● **Records to use**:
****
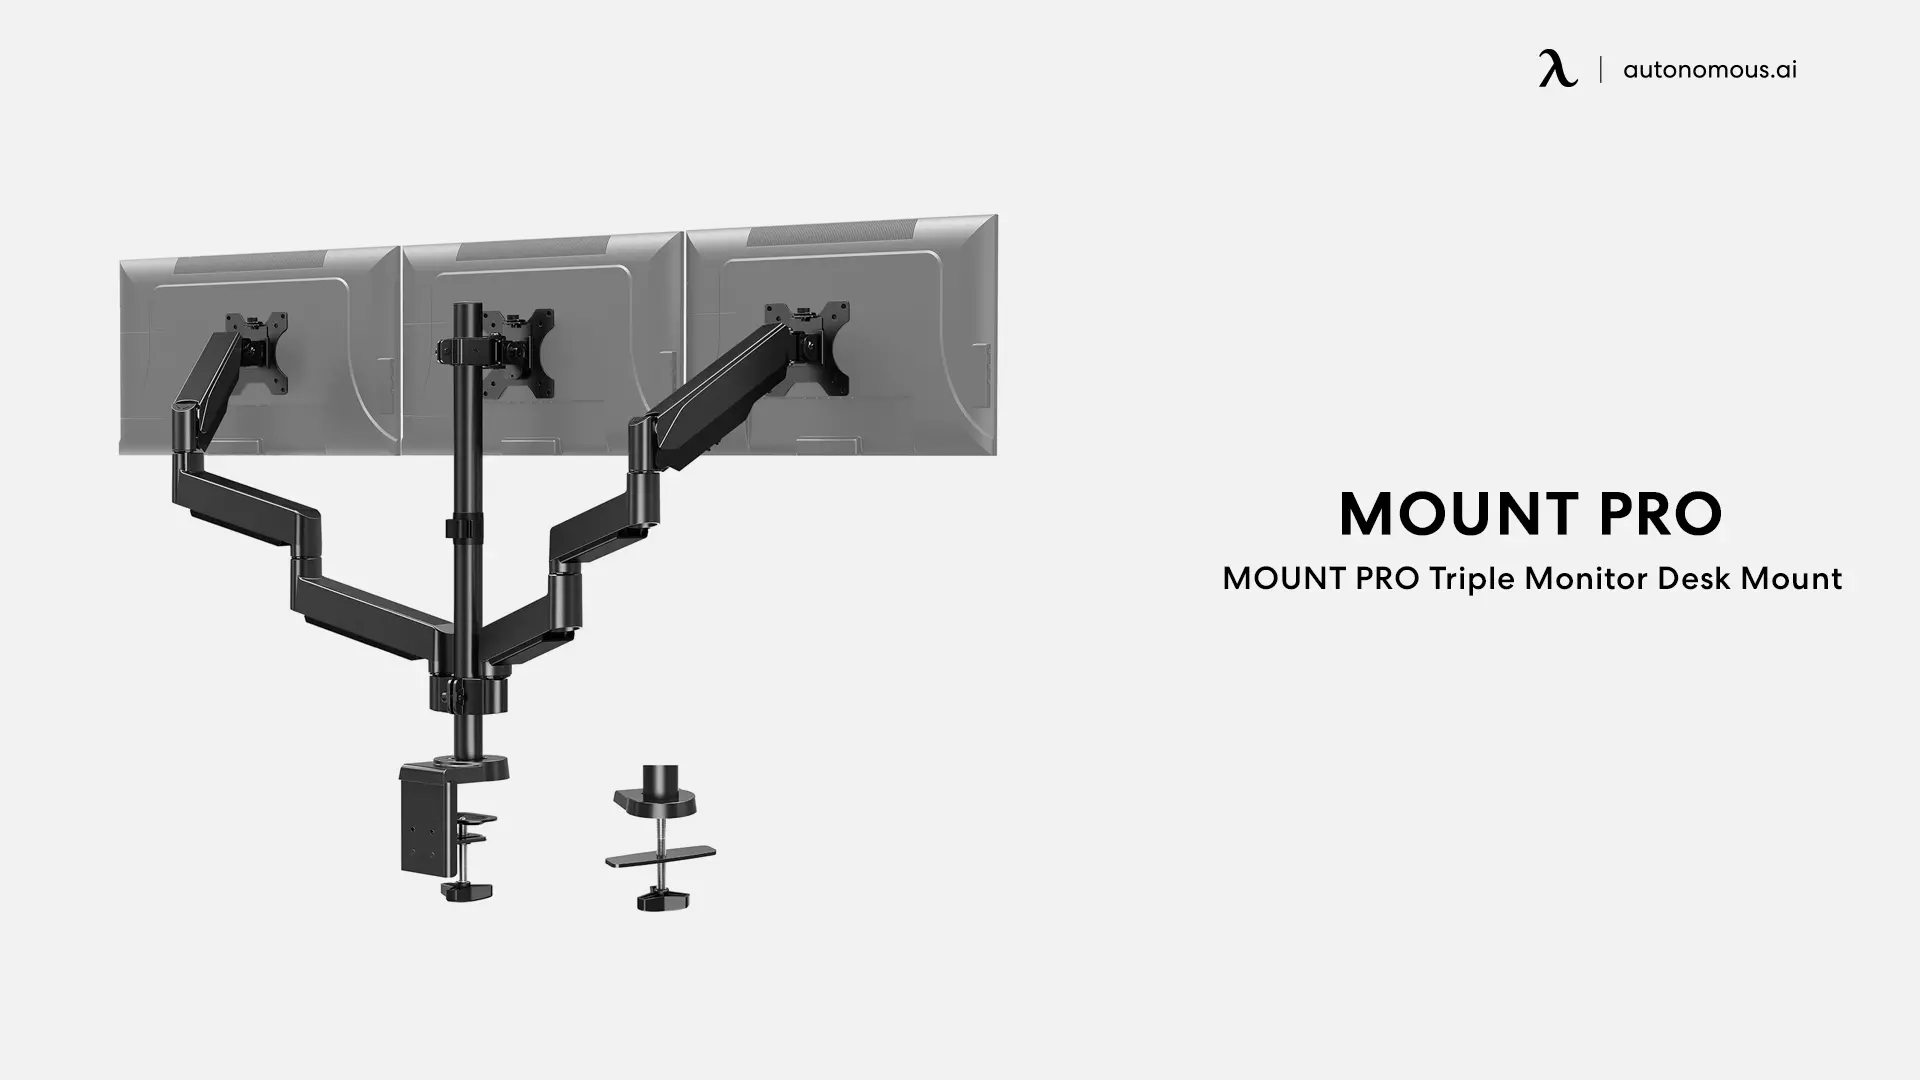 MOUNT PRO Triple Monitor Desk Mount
****
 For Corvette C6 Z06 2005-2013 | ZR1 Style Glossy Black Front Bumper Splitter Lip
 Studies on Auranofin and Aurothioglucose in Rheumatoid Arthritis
****
● **What you have to do**:
Within the data above, the span starting at the line containing "For Corvette C6" and ending at the line containing "Studies on Auranofin" is to be retyped exactly, with no other lines.

● **Your response**:
 For Corvette C6 Z06 2005-2013 | ZR1 Style Glossy Black Front Bumper Splitter Lip
 Studies on Auranofin and Aurothioglucose in Rheumatoid Arthritis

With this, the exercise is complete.